After “Bath Salts” Ban, Legal Ways to get High Remain
Jul 25, 2012
The United States has seen a large surge in the use of synthetic drugs made of legal chemicals that mimic the stimulant effects oftheir illegal counterparts. Law enforcement officials often use the term “bath salts” in describing dangerous drugs of this type. Despite government bans on certain active chemicals found in bath salts, health professionals say there are so many varieties of the drugs that U.S. lawmakers are merely playing catch up.
Currently U.S. law prohibits the sale of any drugs that mimic an illegal drug, but only if federal prosecutors can show that they are intended for human use. Those who create bath salts and other synthetic drugs skirt this law by labeling each package as “not intended for human consumption.” Producers of these synthetic drugs make slight variations in the chemical compositions of the drugs to create new drugs that aren’t covered by local or federal laws. “The moment you start to regulate one of them, they’ll come out with a variant that sometimes is even more potent,” said Dr. Nora Volkow, director of the National Institute on Drug Abuse (NIDA).

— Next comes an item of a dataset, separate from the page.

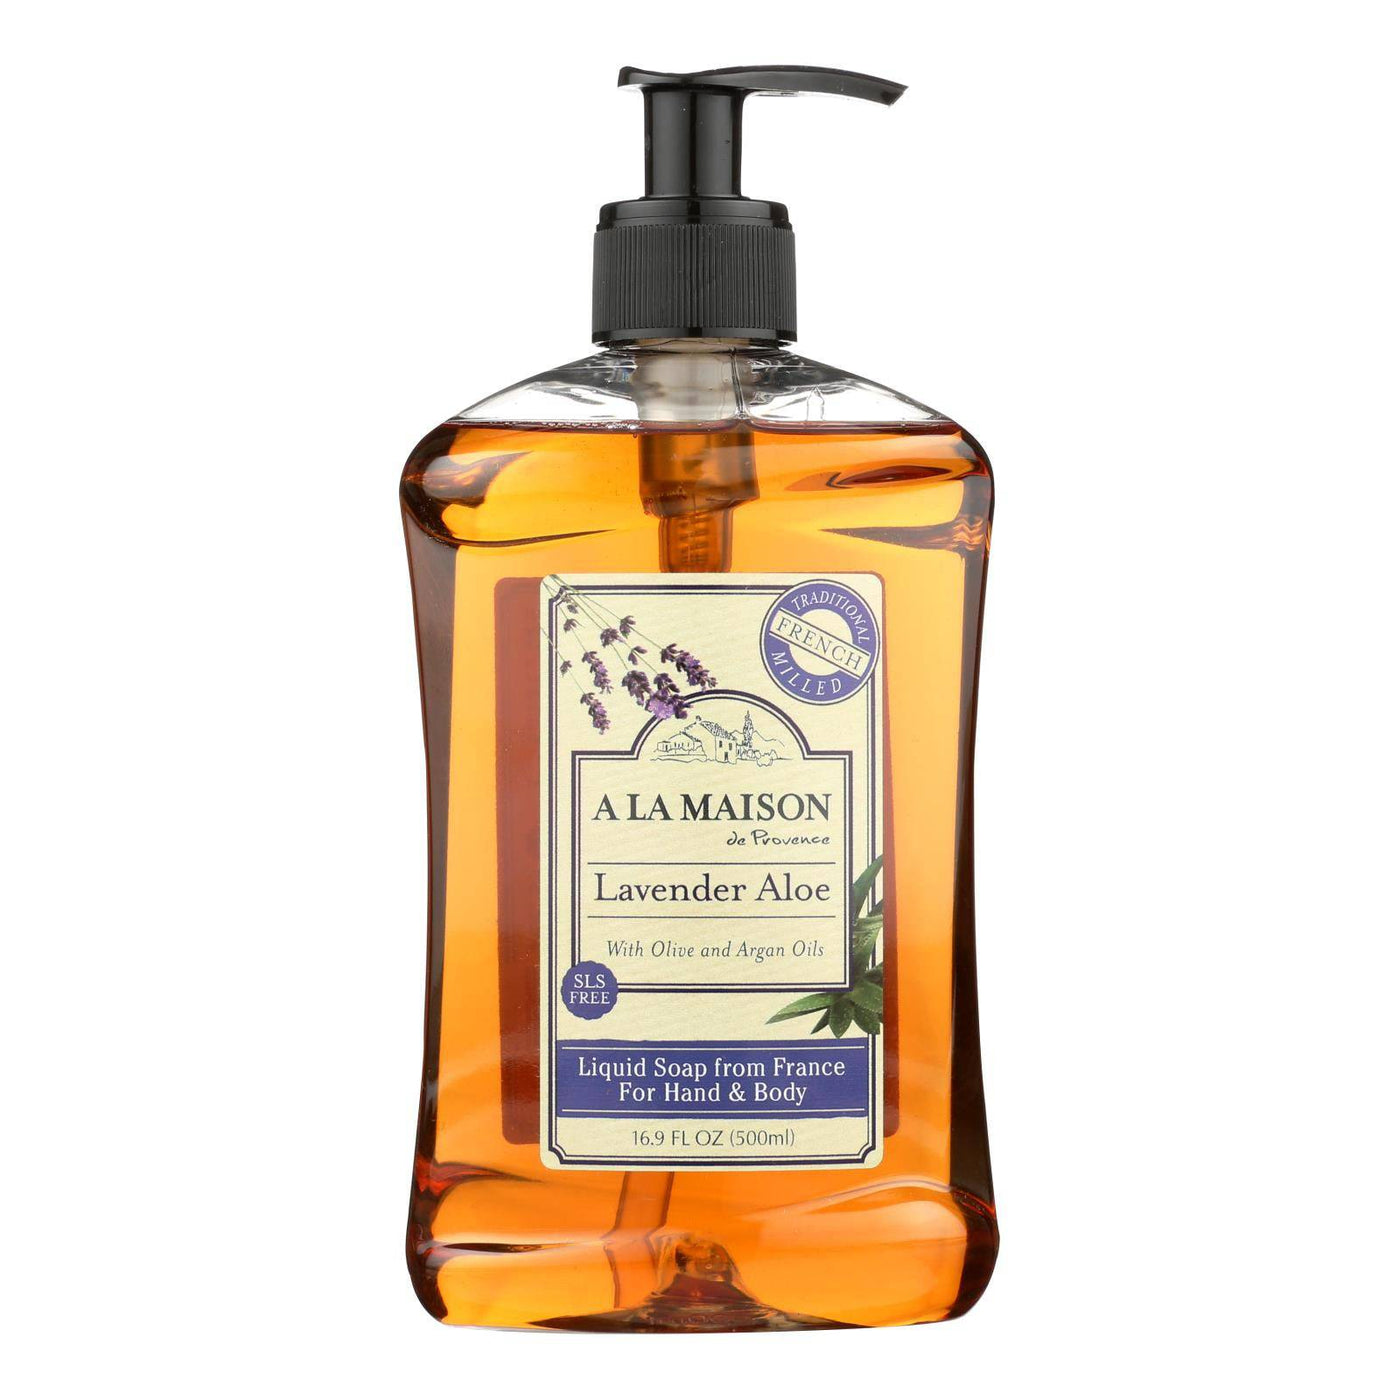 A La Maison - French Liquid Soap - Lavender Aloe - 16.9 Fl Oz | OnlyNaturals.us

As the popularity of these synthetic drugs has increased, emergencies related to the drugs have followed. The American Association ofPoison Control Centers received more than 6,100 calls about bath salt drugs in 2011–up from just 304 the year before–and more than 1,700 calls in the first half of 2012. Officials suggest that with the variety of drugs available, it is nearly impossible to know exactly what people have ingested, or how long the effects will last.